Dr. Thatikonda Rajaiah (born 12 July 1965) is an Indian politician and present MLA for Station Ghanpur assembly constituency representing the Telangana Rashtra Samithi. He joined Telangana Rashtra Samithi on 30 October 2011. He was sworn in as deputy chief minister of Telangana state on 2 June 2014 along with Md. Mohamood Ali deputy chief minister of Telangana (minority cell).  Chief Minister K. Chandrasekhar Rao on 25 January 2015 fired Deputy Chief Minister and Health Minister T. Rajaiah in the wake of adverse reports about his functioning and failure to take preventive measures in controlling swine flu in Telangana.

Dr. Thatikonda Rajaiah was born in Thatikonda, a village located in Janagama District, Station Ghanpur Zone, Telangana state.

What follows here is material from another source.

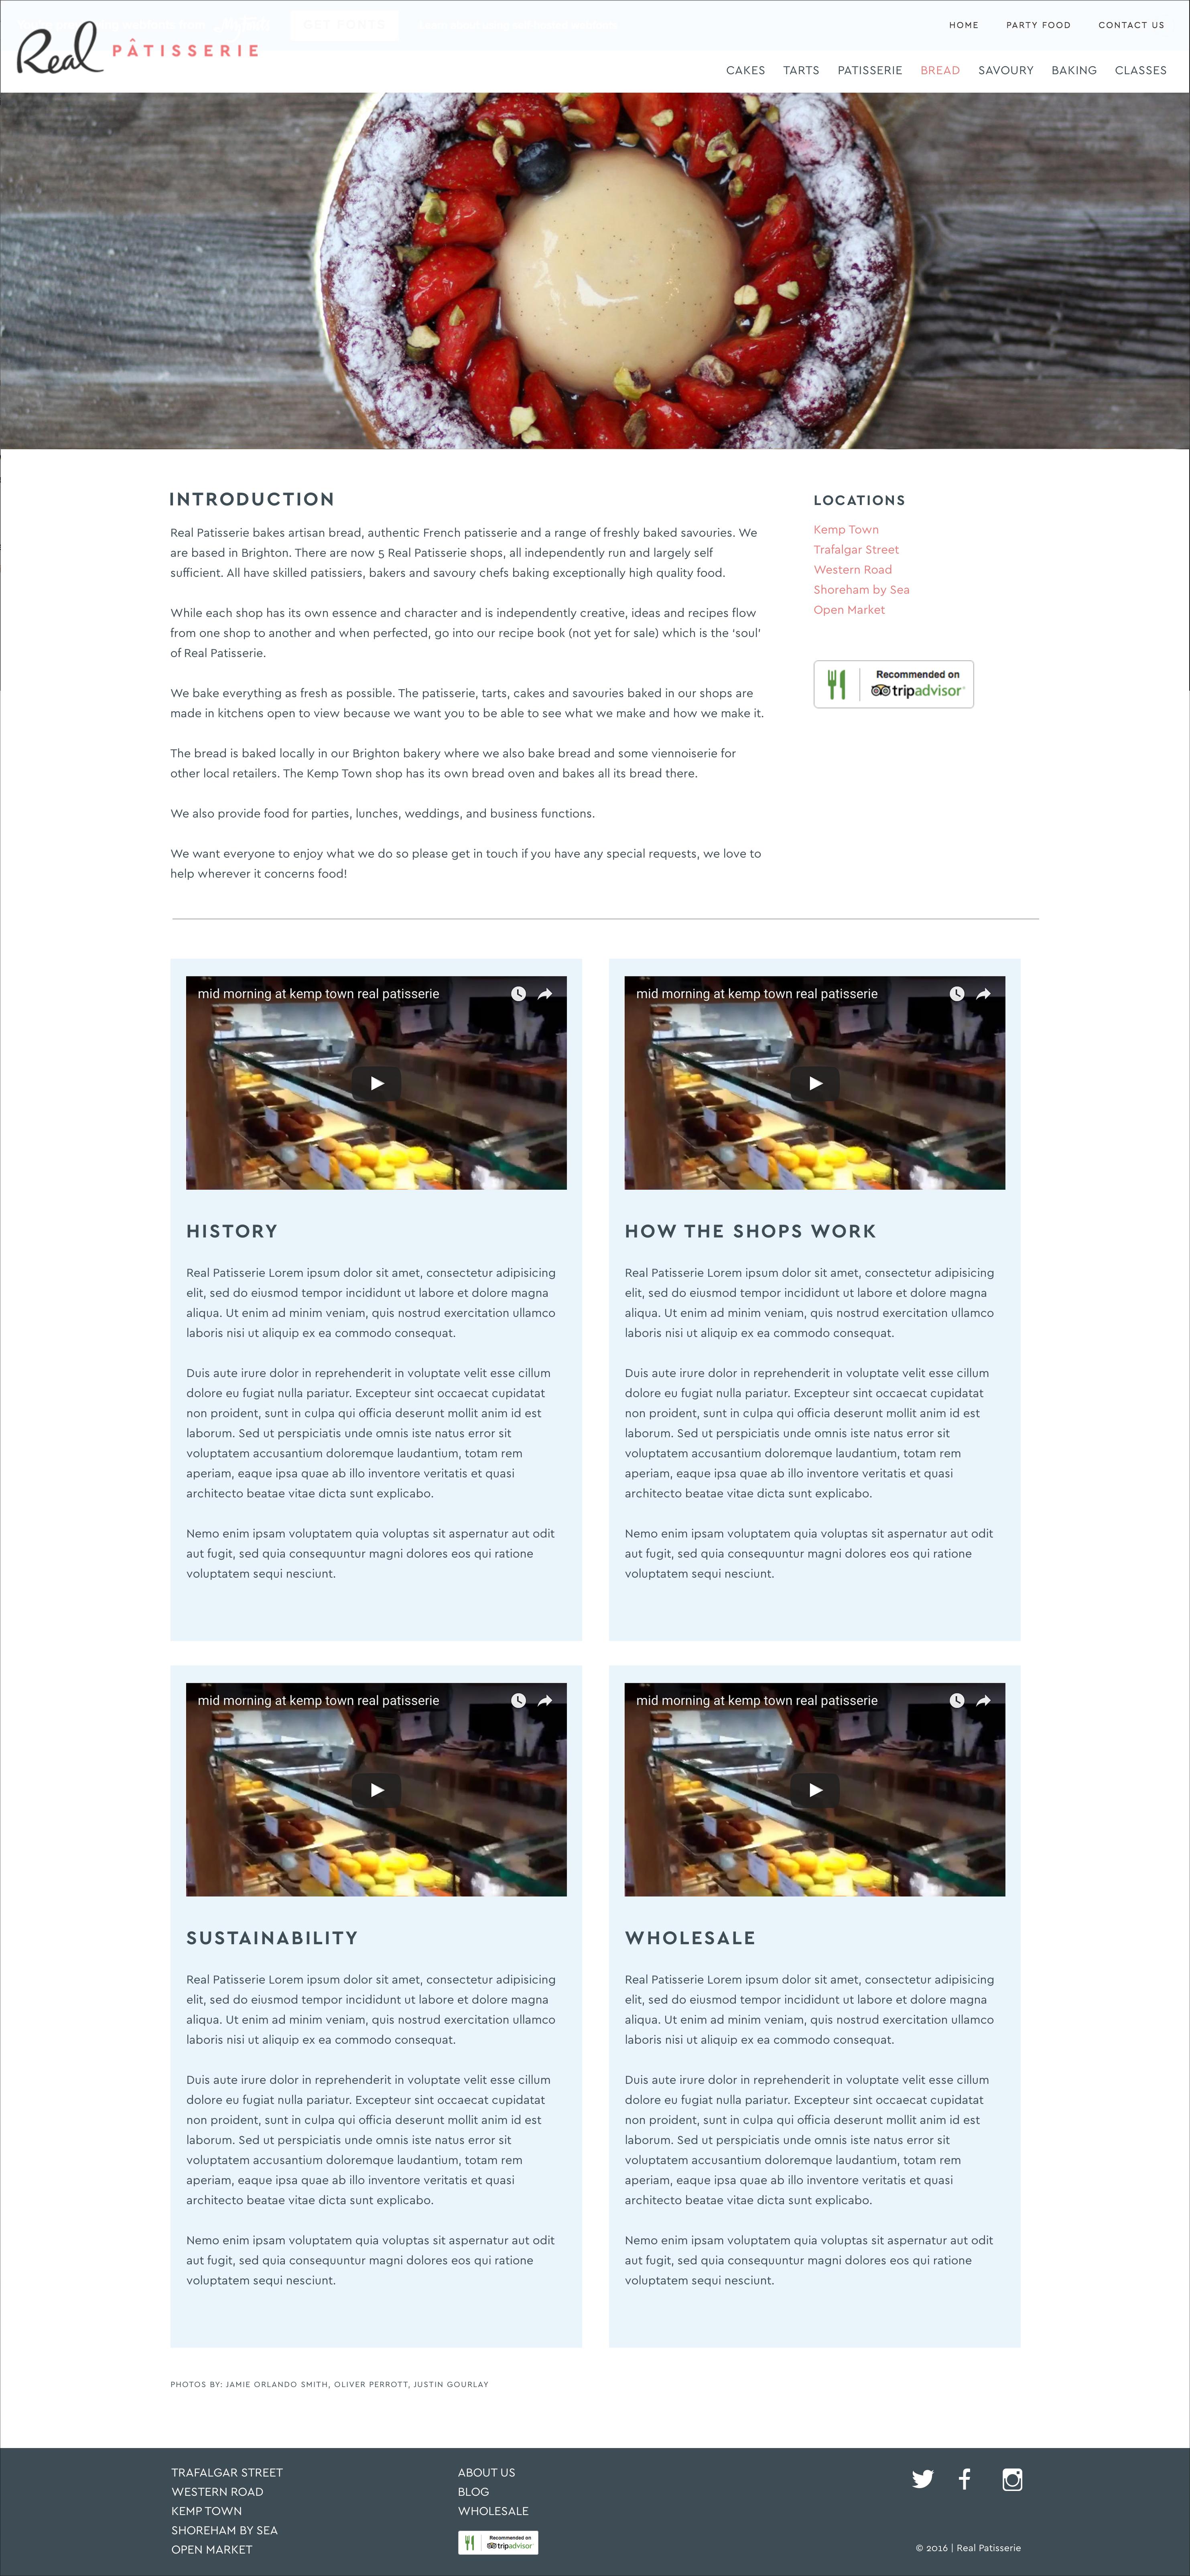 Website design for Real Patisserie

He was born on March 2, 1958. Rajaiah's parents were Marapaka Venkataya and Lakshmi. He completed his MBBS in 1981 from Warangal Kakatiya Medical College.

Political career
T. Rajaiah won over Kadiyam Srihari in Andhra Pradesh State Assembly Elections 2009 for INC in Station Ghanpur Assembly Constituency. He joined the Telangana Rashtra Samithi party on 30 October 2011 revolting for Telangana state. He won in by-election in 2012 representing the TRS party. He served as the Deputy Chief Minister for the Govt. of Telangana in the Cabinet of Ministers of Sri K Chandra Sekhar Rao (KCR)-led government in Telangana with effect from the Telangana State Formation Day, 2 June 2014.

Controversies
Charges of corruption in the Telangana's medical and health department surfaced and indicated Deputy Chief Minister Thaikonda Rajaiah's involvement or 'tacit ignorance' of illegal actions in the department. While Rajaiah's dismissal appeared to have been on the cards for quite a time since September, 2014 when he promised a Health University for Warangal seemingly without Telangana CM Kalvakuntla Chandrashekar's direction.

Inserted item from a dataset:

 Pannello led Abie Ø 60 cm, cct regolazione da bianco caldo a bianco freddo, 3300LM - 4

Chief minister's political secretary S Subhash Reddy said, "The developments were on expected lines. The matter of corruption charges against a minister is a serious one."

Rajaiah has earned the dubious distinction of being the First Minister in Telangana to be sacked. Allegations of corruption against the health and medical department include irregularities in recruitment of para-medical staff and purchase of ambulance vehicles.

In a last ditch effort to defend himself, Rajaiah had written to the chief minister seeking forgiveness for his omissions and commissions, but to no avail.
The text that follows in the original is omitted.